You can set your preferences to prevent any (non admin) user's posts from even appearing in threads you view. 

You can also set your preferences to not show ANY sigs, images, or avatars.

----------


## bored2k

> You can set your preferences to prevent any (non admin) user's posts from even appearing in threads you view. 
> 
> You can also set your preferences to not show ANY sigs, images, or avatars.


Censuring ourselves is not what we're striving for. If the user finds an offensive post/thread/signature, he/she is encouraged to report it privately to  a member of the staff.

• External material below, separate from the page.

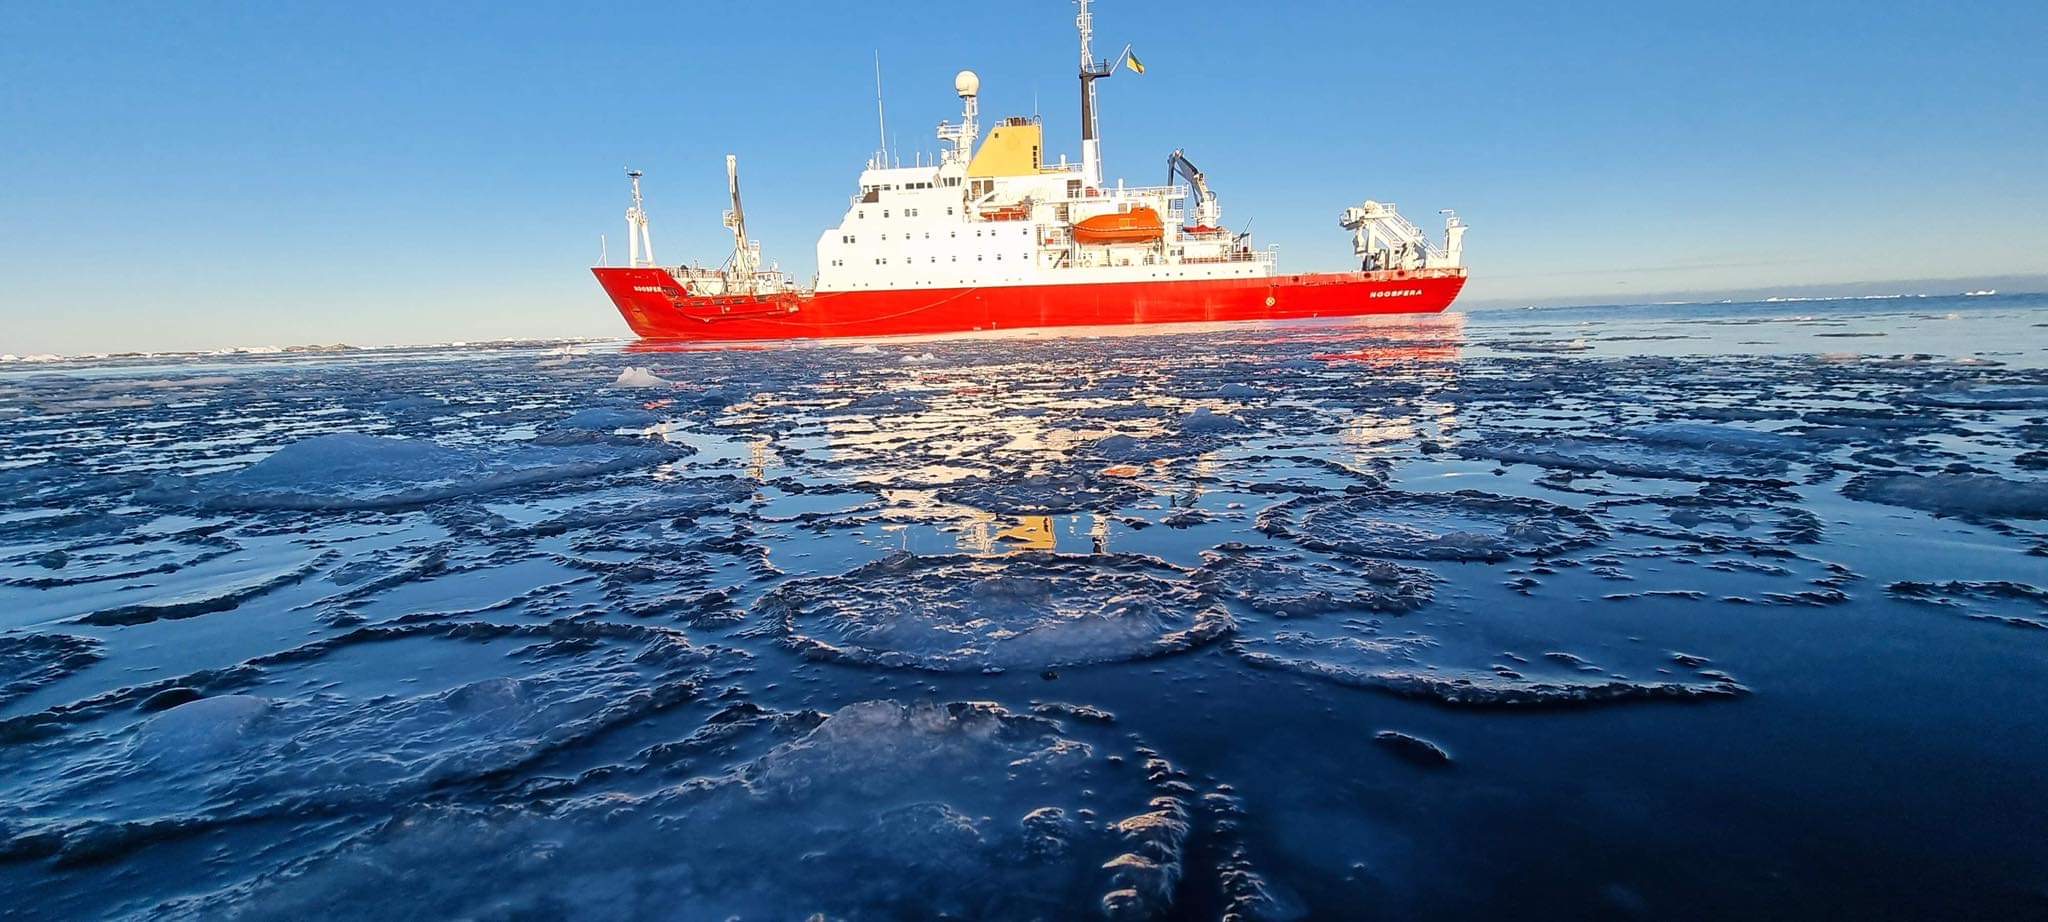 В Антарктике установили указатель на Измаил
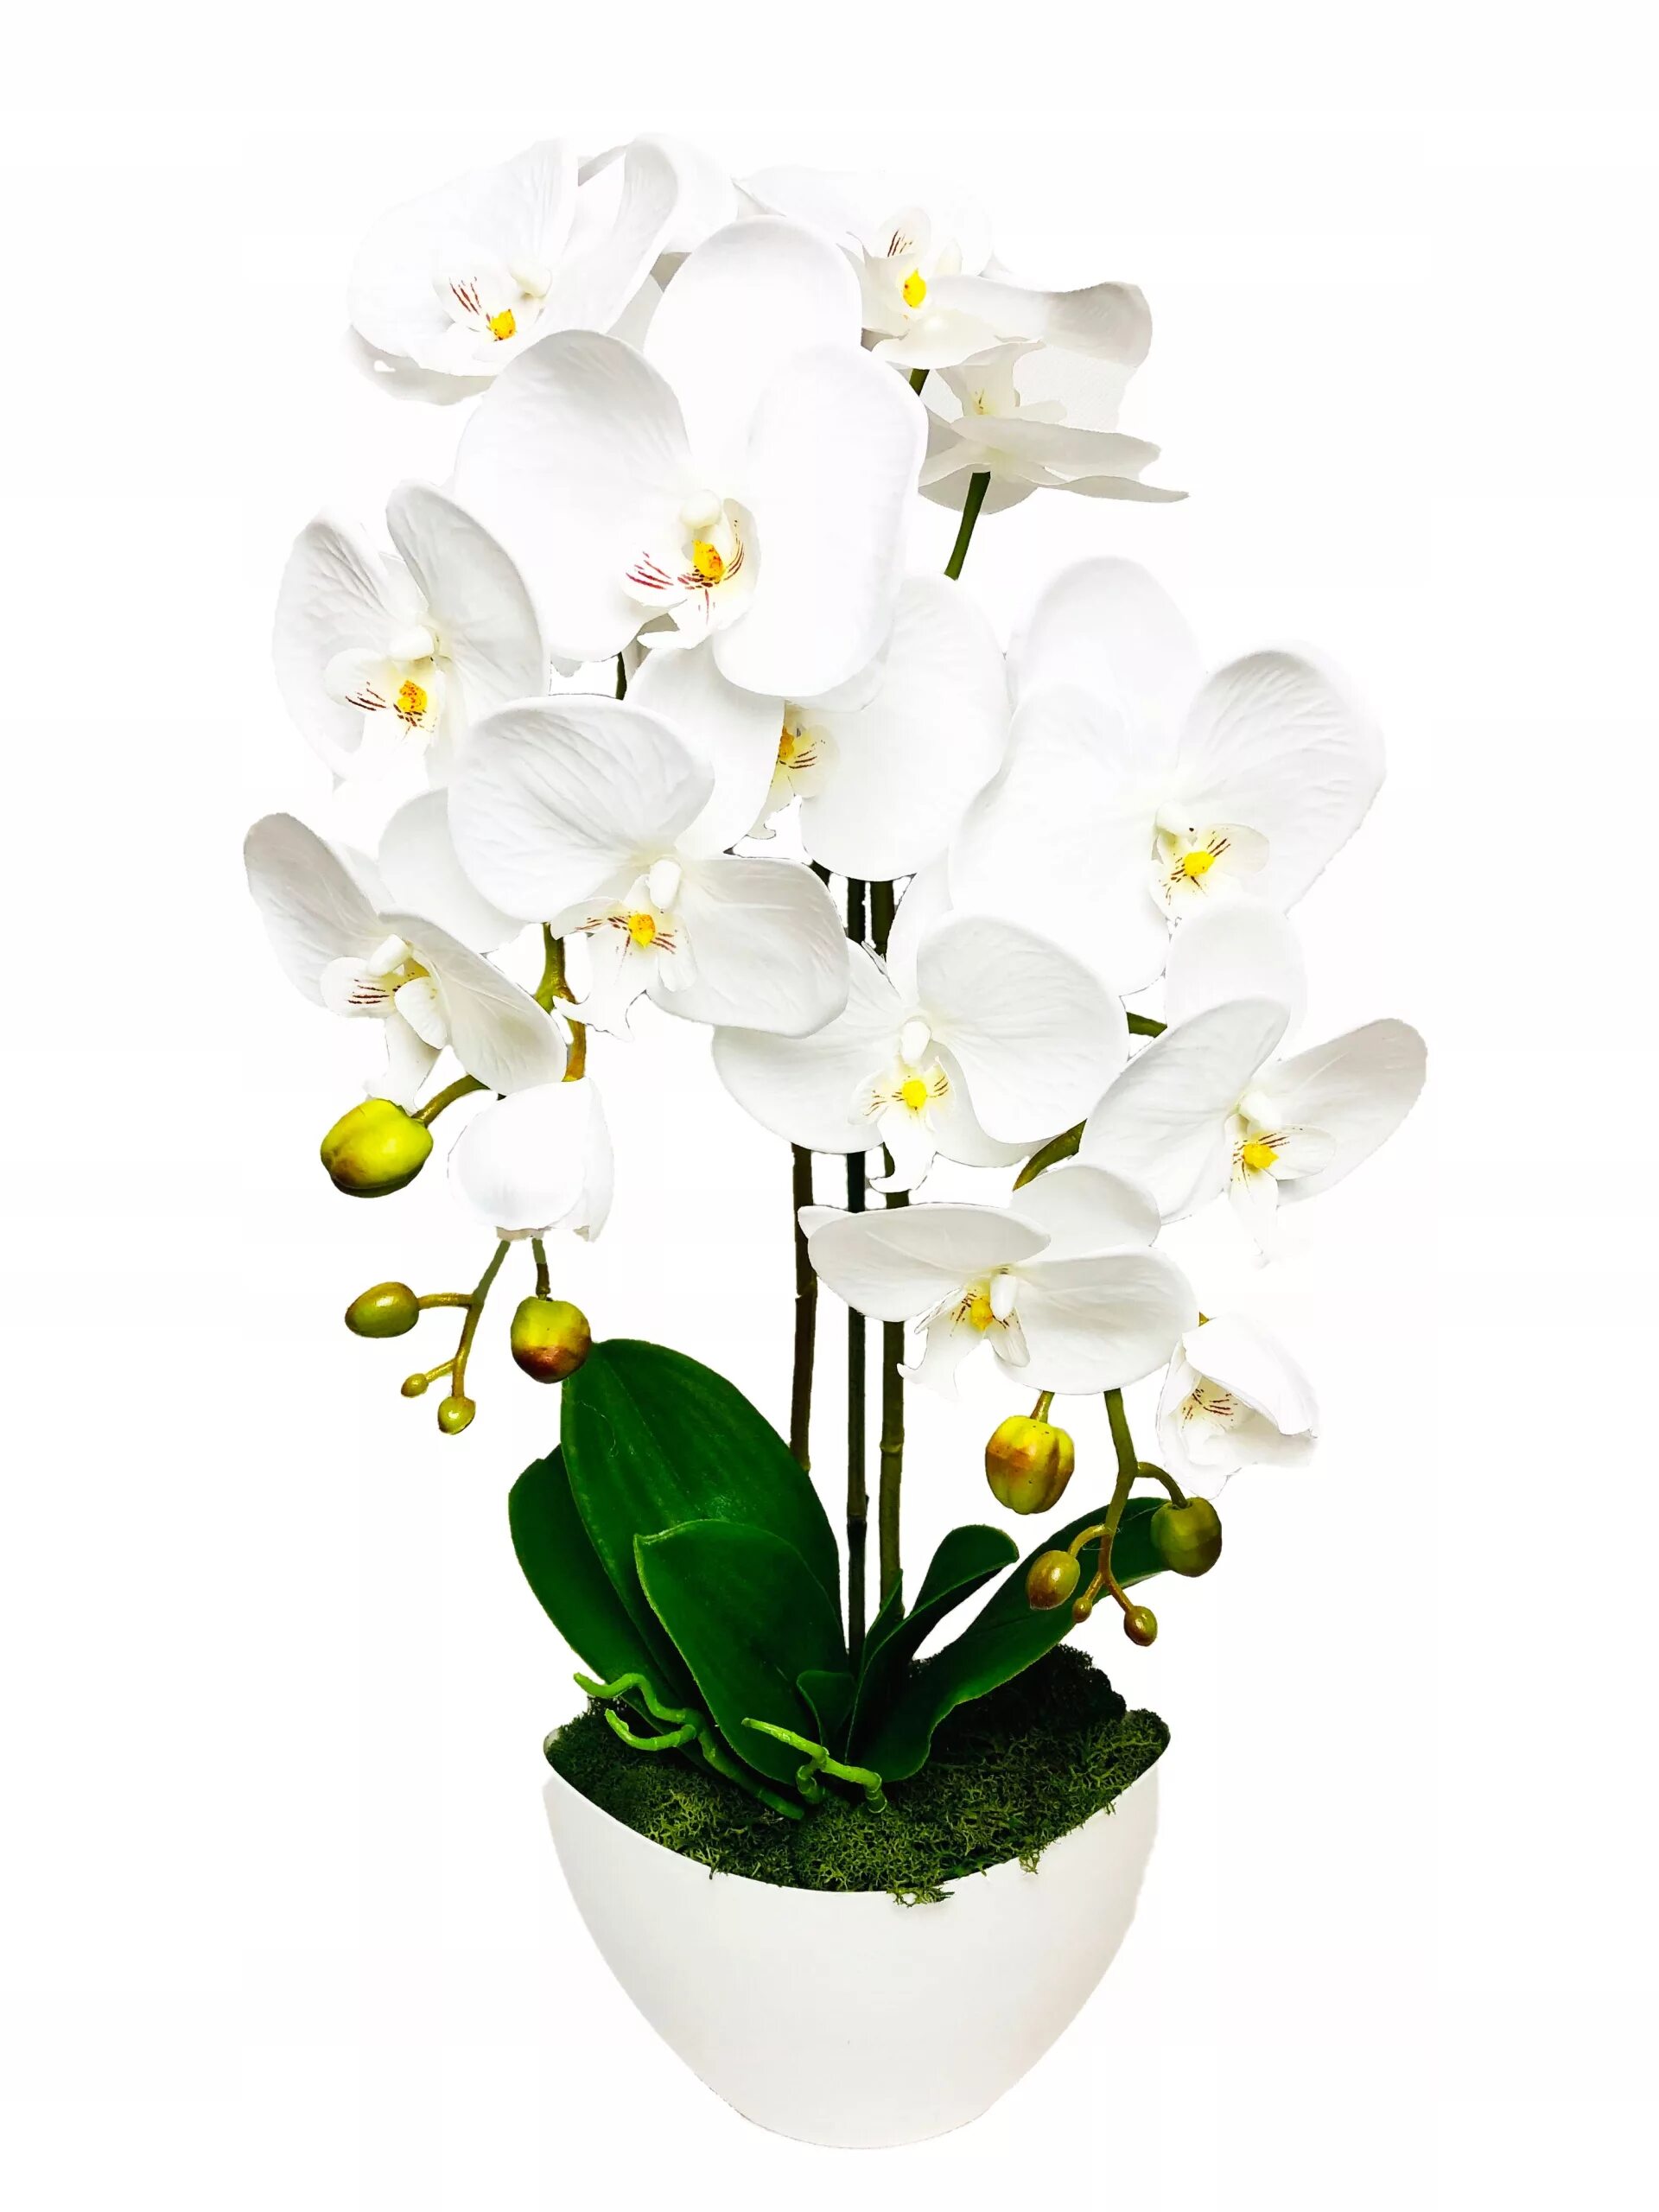 Купить орхидею в горшке в интернете. Искусственная Орхидея в горшке. Белая Орхидея в горшке. Белые орхидеи искусственные в горшках. Орхидея белая искусственная.

As for those asking cokhavim what's the actual offense, let us handle it privately. No need for public gossip.

----------


## cokhavim

since the "report post" button has a note that says "This is ONLY to be used to report spam, advertising messages, and problematic (harassment, fighting, or rude) posts" i wasn't sure that that was the appropriate place to report someone's _signature_.  

could i pm one of you staff about it? (ie aysiu, bored2k, etc?).  i fully agree with bored2k about handling things privately.

----------


## LinuxSwede

> since the "report post" button has a note that says "This is ONLY to be used to report spam, advertising messages, and problematic (harassment, fighting, or rude) posts" i wasn't sure that that was the appropriate place to report someone's _signature_.  
> 
> could i pm one of you staff about it? (ie aysiu, bored2k, etc?).  i fully agree with bored2k about handling things privately.


Have you mentioned it to the guy who has the offensive comment?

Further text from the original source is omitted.